I wonder if anyone knows of a package soup with low salt content.

I feel that most if not all of the branded Packet soups are thick with salt.
Regards

rochs


----------



## Smashbox (22 Apr 2009)

I think they all have lots of salt in it unfortunatly as they are processed. Best buy cartons of fresh, checking the label, or making your own as time consuming as it is.


----------



## Smashbox (22 Apr 2009)

Just seen this on the VHI website

*The main salty processed foods are:* 
• Tinned, packet and instant soups 
• Soy sauce, stock cubes, gravy, sauces 
• Tinned food in brine 
• Tinned vegetables with added salt 
• Meat and yeast extracts 
• Salted snacks like popcorn, pretzels, peanuts 
• High salt ready meals and take away meals


----------



## Welfarite (22 Apr 2009)

Why not make your own and freeze?
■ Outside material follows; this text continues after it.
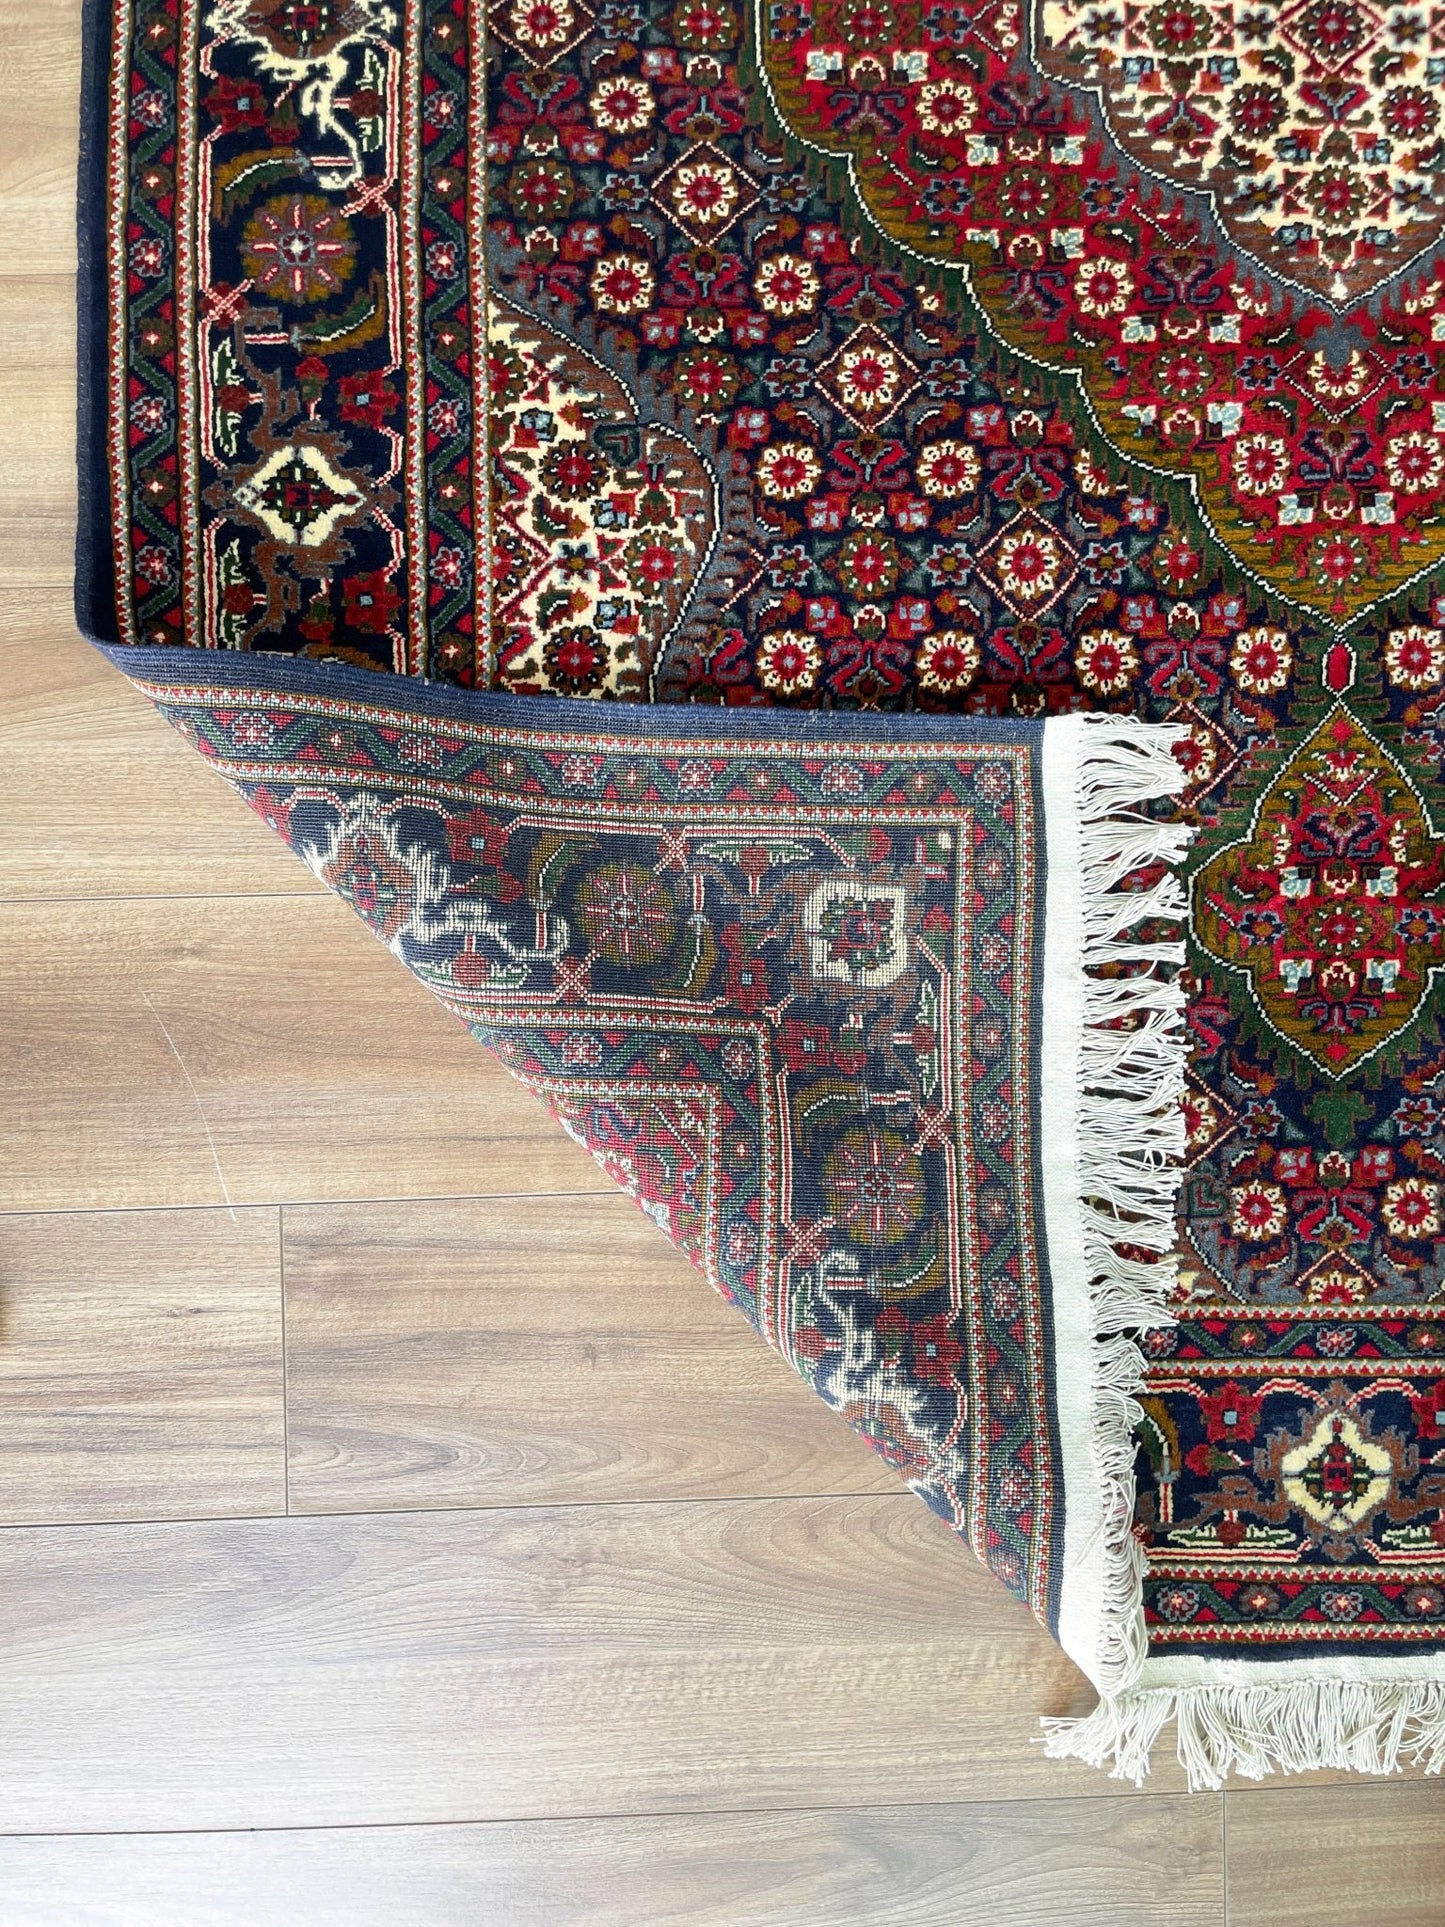 senneh turkmen rug san francisco bay area oriental rug palo alto buy rug berkeley buy rug online california canada toronto
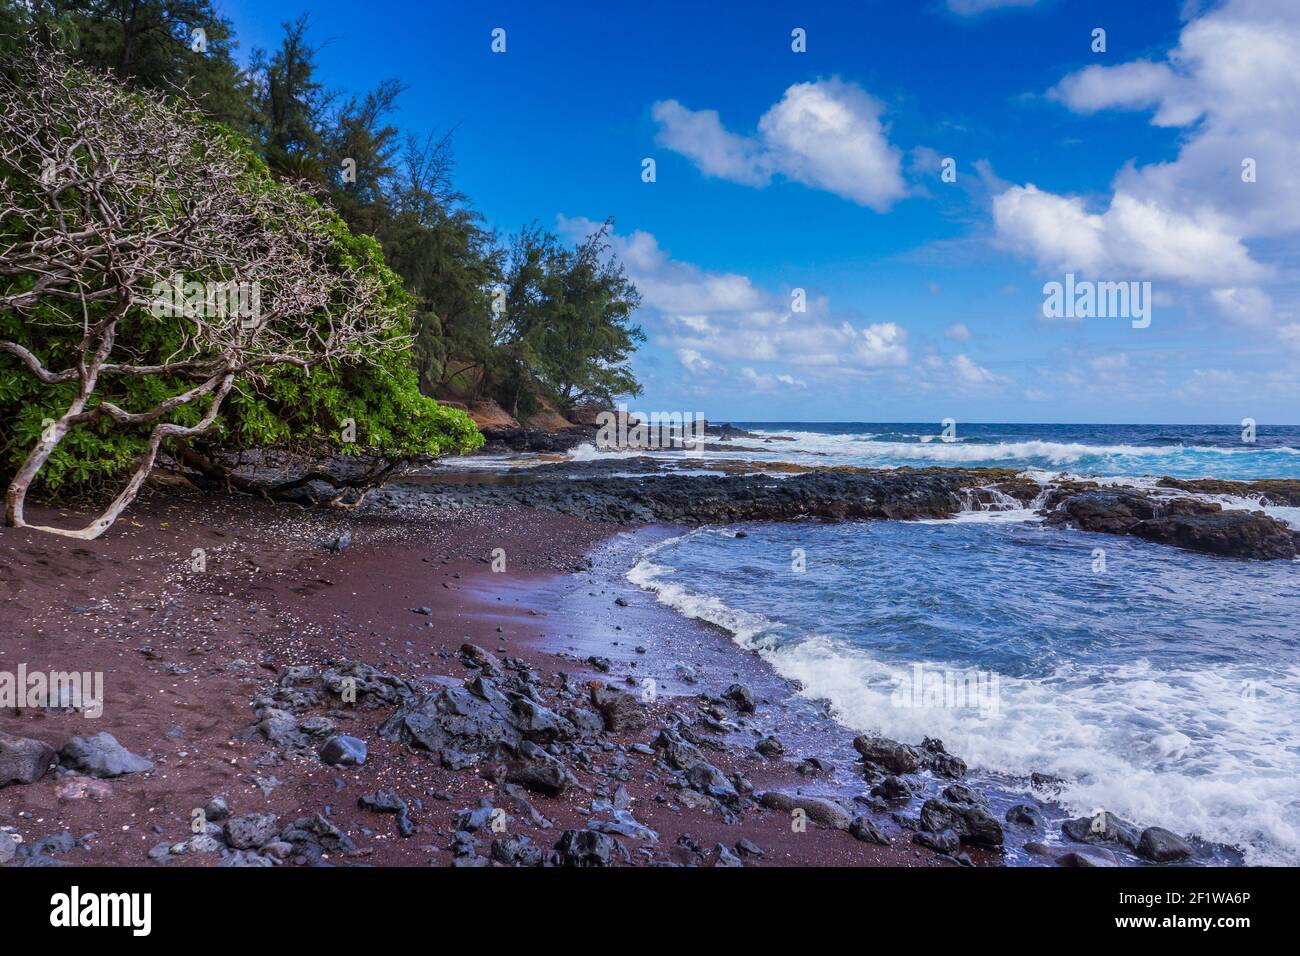 Plage de sable rouge, plage de Kaihalulu, Hana, Maui, Hawaï Banque D'Images

Wasjh, peel, Chop up all the veg (any sort you have), cover with water and simmer for a hour or two. Then mash with potato masher and eat!


----------



## becky (22 Apr 2009)

Welfarite said:


> Why not make your own and freeze? Wasjh, peel, Chop up all the veg (any sort you have), cover with water and simmer for a hour or two. Then mash with potato masher and eat!


 

I use a food processor instead of a potatoe masher - its a lot easier.


----------



## Ciaraella (22 Apr 2009)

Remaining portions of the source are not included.